Why E-concessions Are Becoming Popular on Among Retailers
Similar to branded concessions in a physical retail store (a space where a brand is set up, sold, and managed by the brand itself, but in another brand’s brick-and-mortar), e-concessions, the online equivalent, are starting to grow in popularity.
With the e-concession model, a brand is responsible for designing a branded section on a retailers website, selecting what products they’ll sell, assigning them pricing, photography, and copy, and then covering the shipping. Unlike a marketplace model like Amazon or Net-a-Porter, where brands aren’t in control of how their products are displayed on the page, the e-concession model gives brands the flexibility and autonomy they desire over the products they’re selling.
Courtesy of Garmentory
The perks? Not only are e-concessions a way for brands to have control over their product and how they’re displayed, they’re also a way for customers outside of city centers to shop products and goods they usually wouldn’t have the chance to. With social distancing still in effect, it’s also a way for people who do live in cities to shop more conveniently when it works for them.

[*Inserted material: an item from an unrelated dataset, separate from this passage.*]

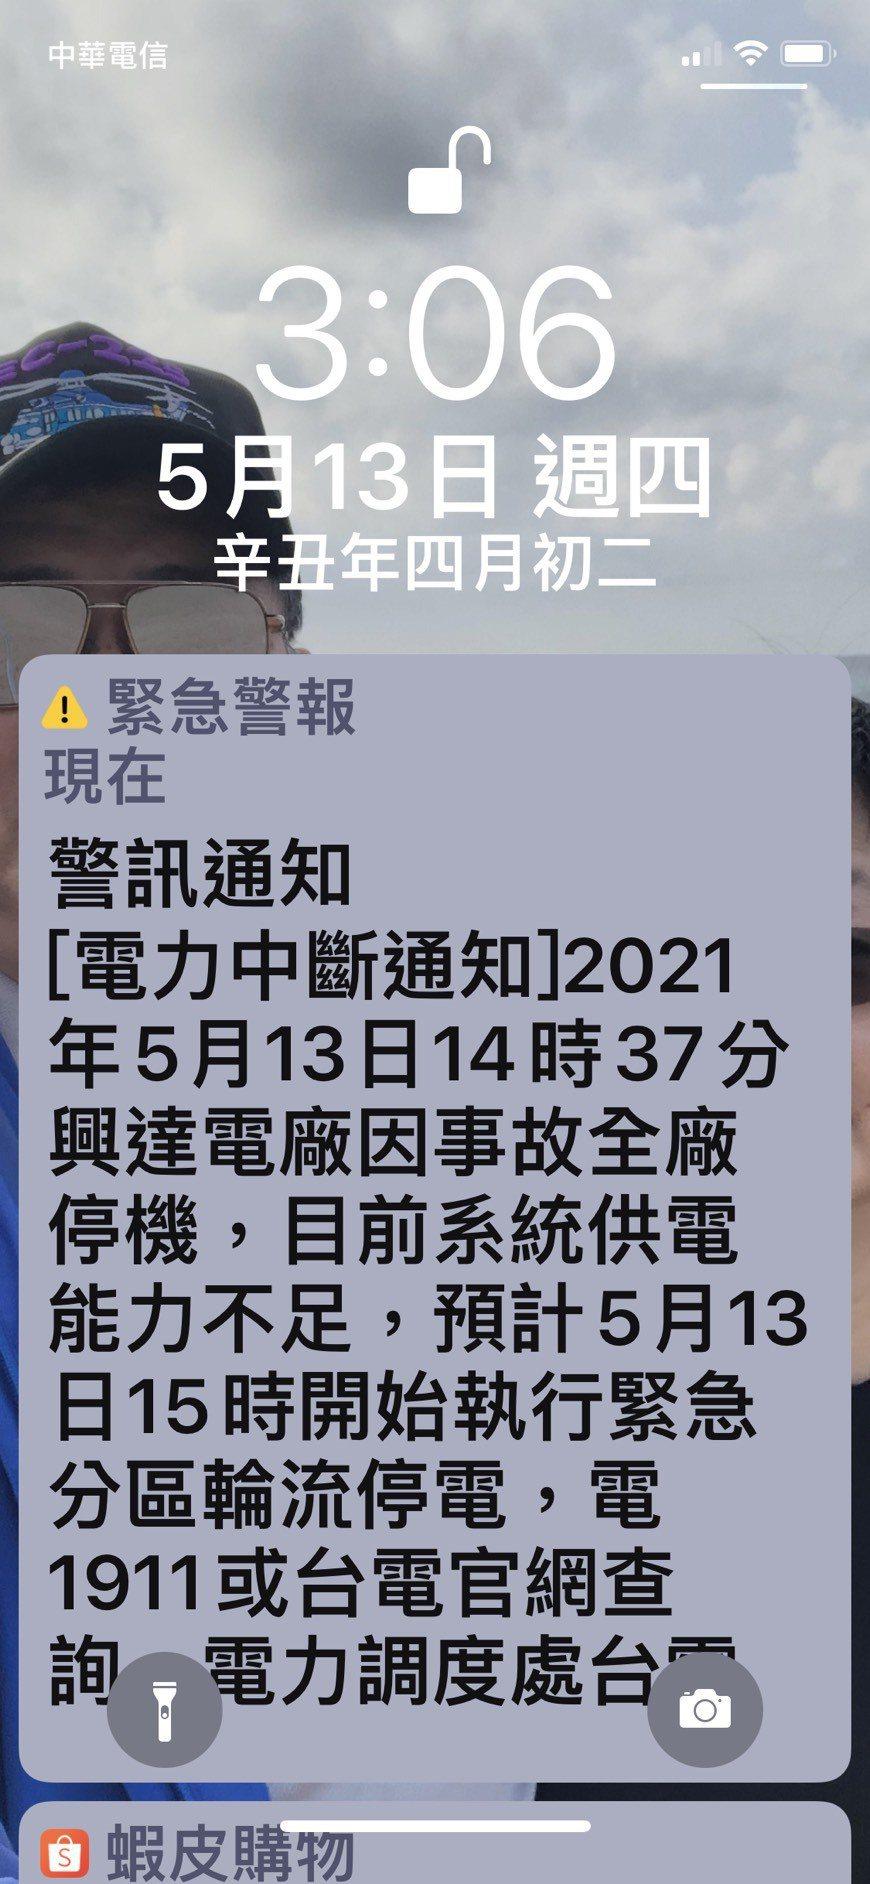 民眾接到緊急停電手機簡訊。記者魯永明/翻攝

In February, Nordstrom’s president spoke about revenue, sharing that “It plans to grow its partner and shared revenue streams from 5% of the business to 30%, and concessions will be the primary method of doing so.” Although this applies to in-store, the same can be applied online.
Here’s How It Works
In a concession model, the retailer is responsible for hiring and paying store associates and paying for the rent that houses their products, but online, the retailer is instead responsible for the products to be hosted and marketed on their site. Brands are given direct control over how their products are displayed – from the photography used to how it’s laid out on the page – and have their own carved out section on a retailers website.
This is a win-win for each party. The retailer has an extra audience (ideally similar to their own), visiting their site to shop another brand, and on the flip side a brand has an additional platform that’s marketing their product. Brands can also negotiate the terms of a concession, and pretty much still hold control of their DTC business even on another retailer’s site.